Stop Gentrifying Our Things
Why can't we have nice things? Why must everything we come up with or create be taken, made popular and we (black women in particular) are never given credit? It's not just dances either. It's music, style, phrases, and slowly, but surely, even food. I'm talking about Black Culture. The culture that makes us who we are and defines us as a race. You couldn't tell by looking at it but our style and overall way of living is the most sought after, profited from, and copied more then any other race. You wouldn't think so because unless Becky or one of the Kardashians are rocking it, it's considered ghetto or down right cheap.
Of course not Gabby because they never do. From the Nae Nae, gold hoop earrings, cornrows, and gold teeth, all things that were deemed ratchet (they're using that now too) are cool and popular because Khloe Kardashian started calling them hoochie hoops MA'AM!!!! Don't you know we've been wearing hoop earrings from the beauty supply store for years? I guess they feel like they have to play the role in order to impress the black men they date (we will be getting to that at another time). But seriously, there is nothing worse then seeing something we came up with, mostly out of boredom or pure fun, be taken and considered hip all because white people discovered it. What's worse is that the rightful people are never credited.
Who can forget that one time that Miley Cyrus decided to rebel and become a hip hop star? You know when she was twerking on stage and everybody lost their mind because where on earth did this new, provocative dance come from. Every black person alive had the Emoji confused face because clearly people didn't realize that "Back That Thing Up" was a hit and the Twerk Team had been dominating Youtube for years. It was so bad that Beyonce' started twerking on her tour just to prove a point. WHERE HAVE YALL BEEN THIS WHOLE TIME? So of course when nobody took the bait, Miley abandoned her Hip Hop roots and went back to her peaceful, white woman life. According to her, the rap life is way too vulgar for her liking. Oh girl, save it.
It really bothers me that Peaches Monroe will never be given her just do for creating the popular phrase "On Fleek". Who would have known that a random cell phone video she took of herself complimenting her eyebrows would take off and make so many people so much money? People were going around using this phrase and not even knowing where it came from. Prime example, Khloe K, a repeat culture vulture, said it on camera and when asked where it came from, she gave a blank stare and made up something. But who cares? Peaches is black woman which makes her fair game for profit, right?

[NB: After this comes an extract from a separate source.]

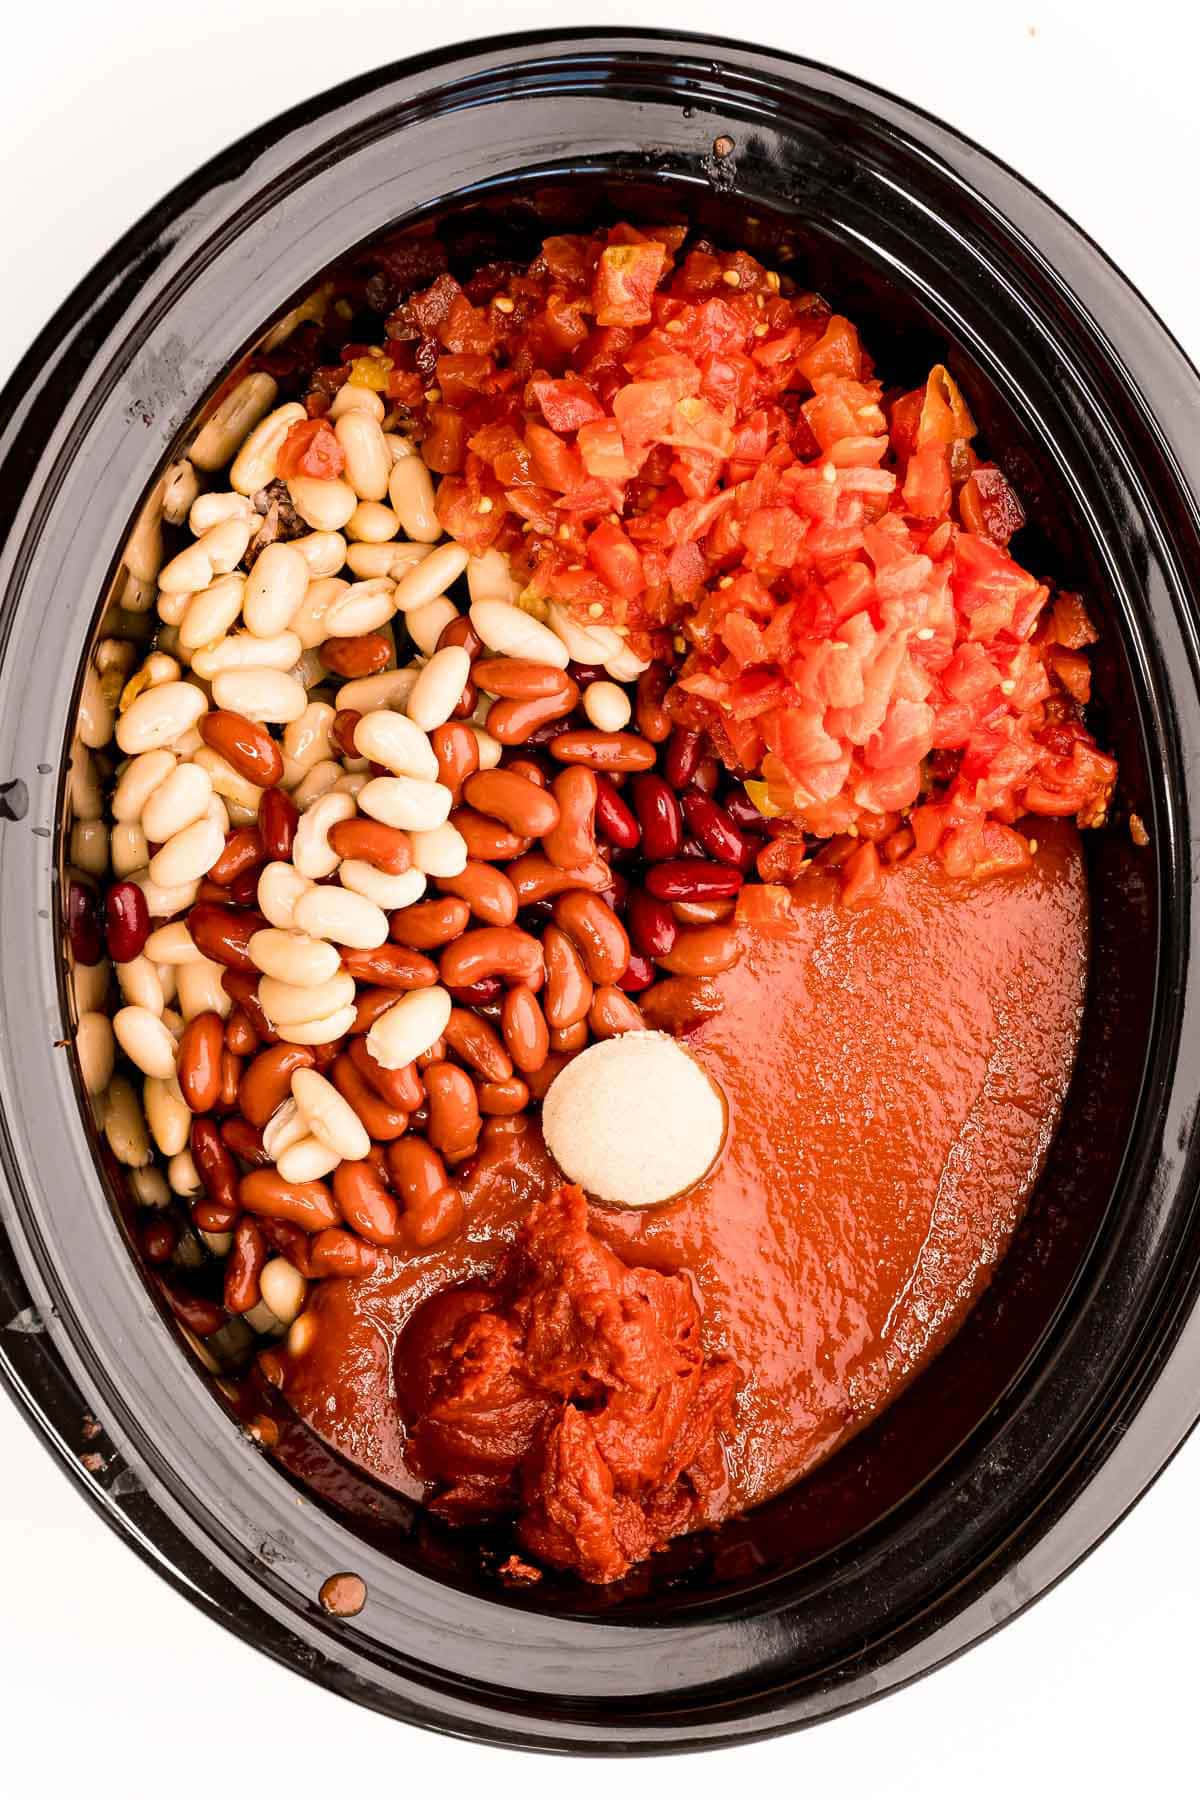 Add diced tomatoes, tomato sauce, tomato paste, beans, and beef stock to the slow cooker

These days, whenever a challenge takes off on social media or black people are spotted creating dope things, there is a rush to protect their creations and their brand. People are quick to tell creators to copyright their products, get business licenses, and hire lawyers. It's time we get credit for the content that we create. It's not right. Even when we do get our credit, it's always watered down to make people feel more comfortable.
In the future, let's make sure to do our part and help protect our content creators. Even if it's just shouting them out on Twitter or Facebook, it's important that they be recognized for their creativity. I refuse to let another gem like "Bye Felicia" be watered and gentrified so much that people can't even remember what movie it's from, why it was said, and who said it. You can thank the Kardashian's for that as well.